Diagnosis and Treatment of Male Infertility
Male factor infertility is solely responsible for about 20% of infertile couples and is contributory in another 30 to 40%. Therefore, it is critical that both partners are evaluated. Additionally, it is important to understand that a normal result of a semen analysis does not rule out all male factors that may be causing or contributing to the infertility.
In nearly all cases there is no way to predict the fertility of a man without having a semen analysis performed.
Because day-to-day sperm production can be quite variable, if the first semen analysis returns abnormal it is usually recommended that a second semen analysis be performed.
There is a long standing World Health Organization system defining “normal” values for semen analysis.
- Semen volume: >1.5mL
- Sperm concentration: > 20 million/mL
- Motility (swimming ability): >50%
- Morphology (shape of sperm): >50% normal
There is another system for evaluation of sperm shape (morphology) called “strict morphology.” Our lab, (as do most IVF programs) uses this system. With the strict morphology system, normal is >9%. Men may fall between 4% and 9% in the so called “indeterminate zone.” Some men in this group will show normal fertility and some will be infertile-it is not possible to distinguish how these sperm will function. Men with morphology below 4% are clearly abnormal and concern exists that these sperm may not be able to fertilize an egg.
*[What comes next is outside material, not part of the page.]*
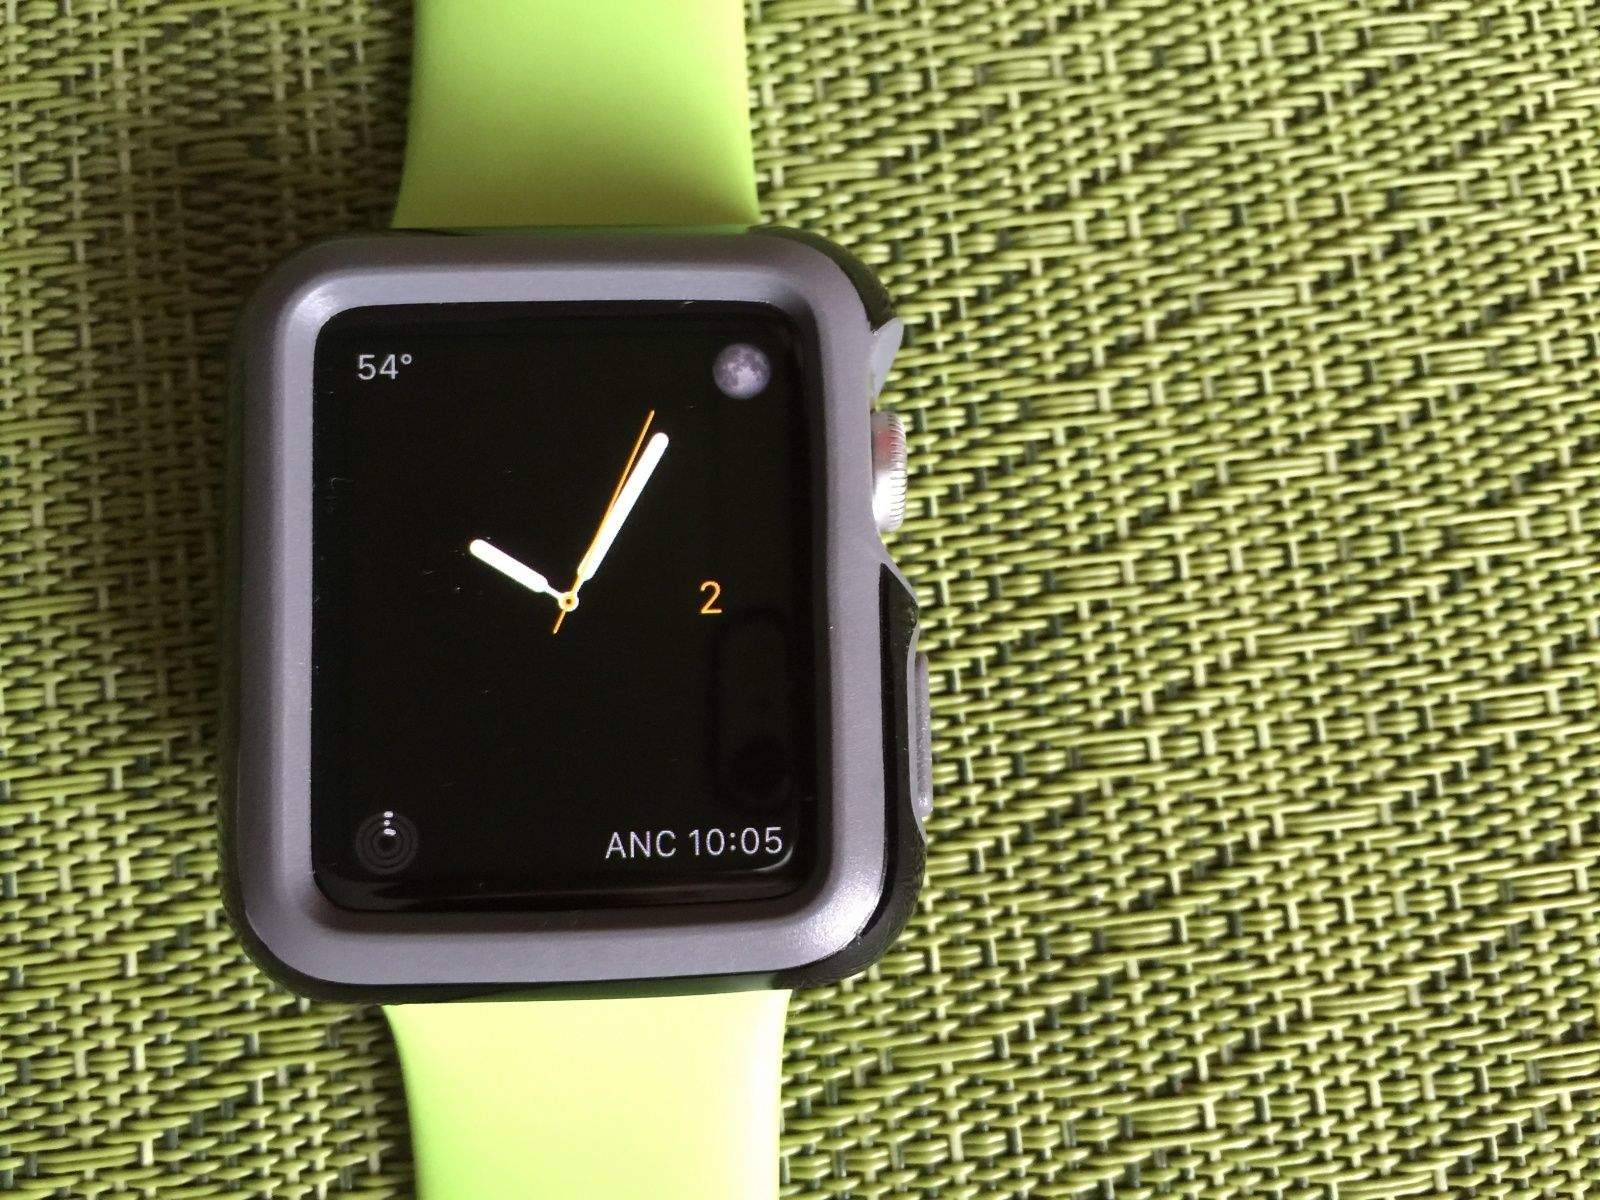 Do you really need that much protection for your Apple Watch?

Sperm autoantibodies (antibodies the male produces against his own sperm) are present in about 5% of infertile men. Testing for sperm antibodies is not part of a routine semen analysis since the test is costly and the incidence of this condition is low. Recent extensive evaluation by Urology experts has revealed that perm auto-antibodies are not clinically useful in the evaluation and treatment of infertility. Therefore, we no longer perform this testing as it does not aid in the care of our patients.
There is also new information on what sperm numbers and motility are defined as “normal.” It is not as simple as suggested by the WHO standards. This new definition recognizes an “indeterminate” zone regarding these two parameters-as above with the shape parameter. Sperm numbers from 12 to 50 million and motility between 20 and 60% are broad “gray” areas (indeterminate). Men in these ranges may or may not be fertile. Many men fall into these ranges of number or motility.
Other tests have been devised to test sperm function-hampster test, acrosome reaction test, and zona assay. Unfortunately none of these are very useful.
Men with low sperm counts are offered testing to evaluate whether they carry a genetic abnormality that could be transmitted to the offspring. This is because some causes of low sperm counts are genetic so a couple is at risk for having a male baby who will have similar problems as his father. A karyotype is a genetic test that looks at the chromosomes, in general, for any abnormalities. There is also more focused testing, such as microdeletion testing that look for genetic pieces that are missing. These missing pieces of certain genetic information on the Y-chromosome are known to cause male factor infertility. In men with no sperm (azospermia) karyotypes are abnormal 10-15% of the time and Y-microdeletion testing is positive in approximately 15%. In men with sperm concentrations less than 2 million/ml a karyotype will be abnormal 5% of the time and Y-microdeletion testing is positive for an abnormality in about 10% of cases. Meeting with a genetic counselor is also available for couples. All genetic causes of male infertility are not known or testable so a normal result to genetic testing does not rule out the possibility that male infertility might be inherited. Frequently, genetic testing in infertility is not covered by insurance.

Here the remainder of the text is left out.